In order to obtain a certiorari to a justice's court to remove a cause from that court to a county or district court, an order must be obtained from the county or district judge commanding the justice of the peace to make and certify a copy of the entries in the cause on his docket and transmit the same with the papers to the proper court. The writ will not be granted unless the party applying for it, or some one for him, shall make affidavit in writing setting forth sufficient cause for its issuance. A sufficient cause is stated when the justice of the peace is shown to have been without jurisdiction or where injustice was done the applicant by the judgment, and such injustice was not caused by the inexcusable neglect of the applicant. Vernon's Sayles' Civ. Stats. arts. 742 to 746, inclusive. In article 754 it is provided that a motion to dismiss the certiorari may be made at the first term of court to which it is returnable "for want of sufficient cause appearing in the affidavit, or for want of sufficient bond." Upon no other ground can a certiorari be dismissed. Webb v. University, 48 Tex. Civ. App. 264, 107 S.W. 86; Case Mach. Co. v. Lochridge, 195 S.W. 266. The laches or negligence of the attorney cannot be made the basis of an attack on the certiorari. Lucas v. Harrison, 139 S.W. 659.

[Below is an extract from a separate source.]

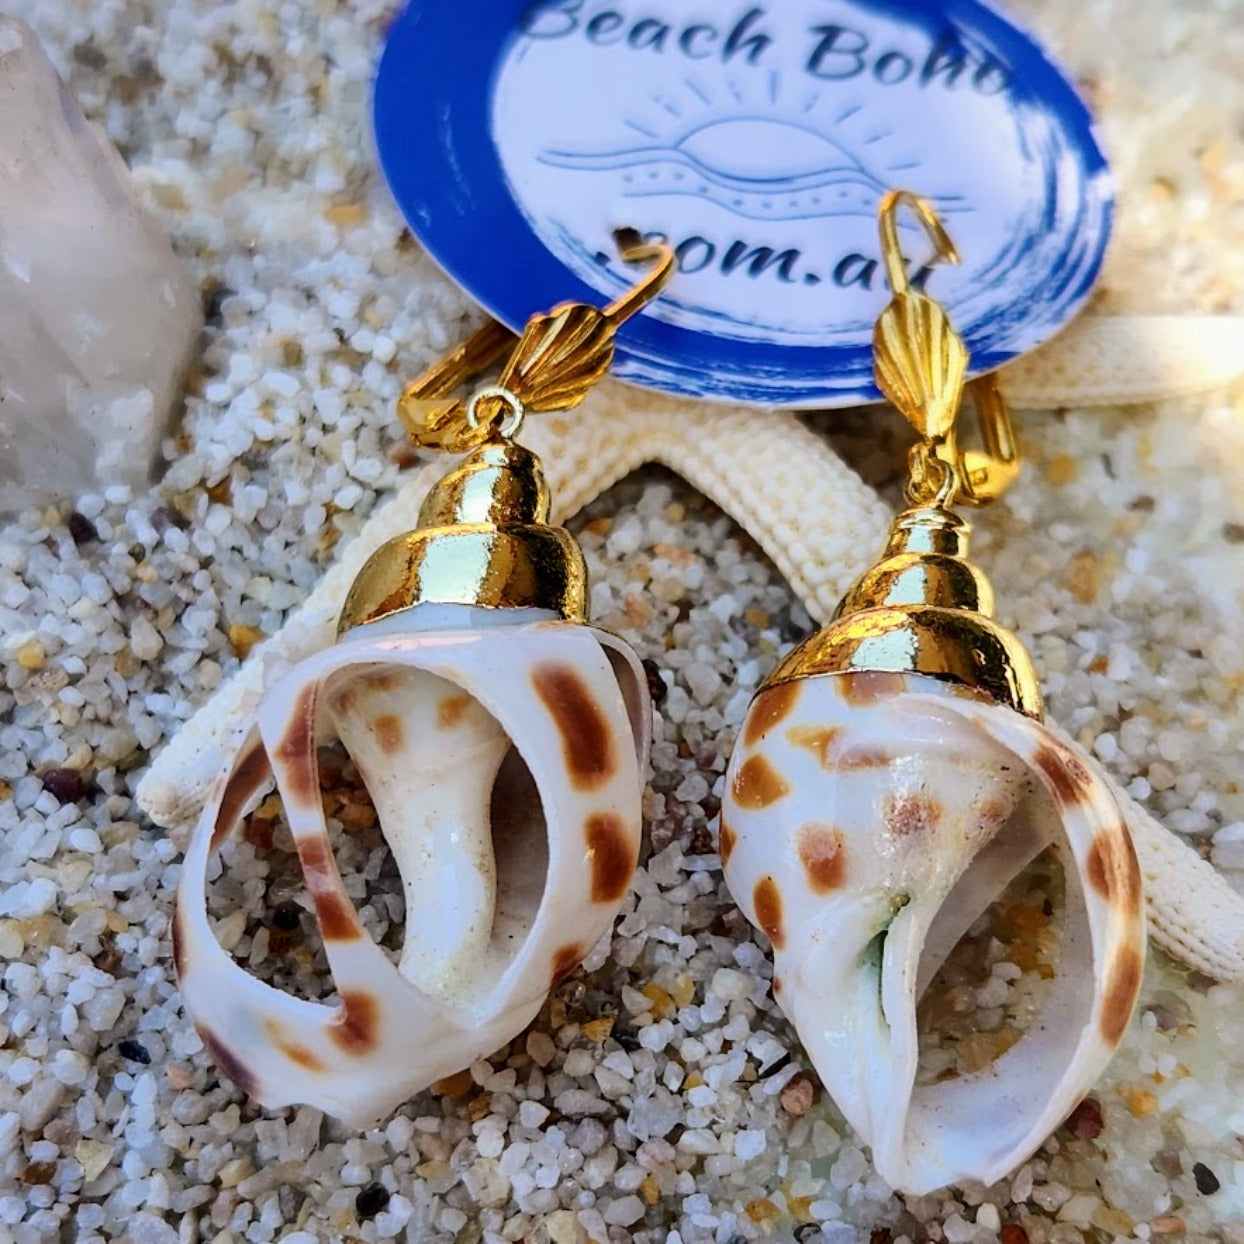 SPECKLED SHELLS - GOLD HOOK BOHO EARRINGS - Premium earrings from www.beachboho.com.au - Just $35! Shop now at www.beachboho.com.au

The application for certiorari showed that appellant lived in Refugio county; that he was sued by appellee in the justice's court of precinct No. 3 in Dimmit county on an unliquidated demand for $200; that appellant filed a plea of privilege, and the case was set down for hearing on November 8, 1920, and in the absence of appellant the plea of privilege was overruled, and judgment rendered against appellant for $200; that appellant lives a long distance from a railroad, and the justice's court was held in a small village quite a distance from a railroad; that he employed an attorney to attend the court and represent him in the trial of the case, but the attorney failed to make railway connections and did not reach the court. The allegations show that appellant had sold appellee a secondhand automobile, and appellee based her claim on charges that appellant had by misrepresentation and fraud sold her a worthless car. Appellant expected to show that he had made no misrepresentations as to the car, but had in writing given her a truthful statement as to the age and condition of the car and had driven it from Bayside, in Refugio county, to Bermuda, in Dimmit county, and delivered it to appellee, and she was given every opportunity to examine the car, and that she did in fact personally examine the car and had it examined by experts, and the car was found by them to be as represented.
The application presented a good defense to the cause of action, and the absence of appellant did not appear to have arisen from his inexcusable neglect. If his attorney was negligent, he will not be held responsible for it. On the face of the pleadings it appears to be a case of dissatisfaction with a purchase made with full possession of the facts, and a suit against the seller residing in a distant county, and a judgment in his absence for every dollar demanded in a case of unliquidated damages. The allegations present a case of rank injustice, and appellant should be permitted to present his defenses. Nelson v. Hart, 23 S.W. 831.
*Page 775The judgment is reversed, and the cause remanded.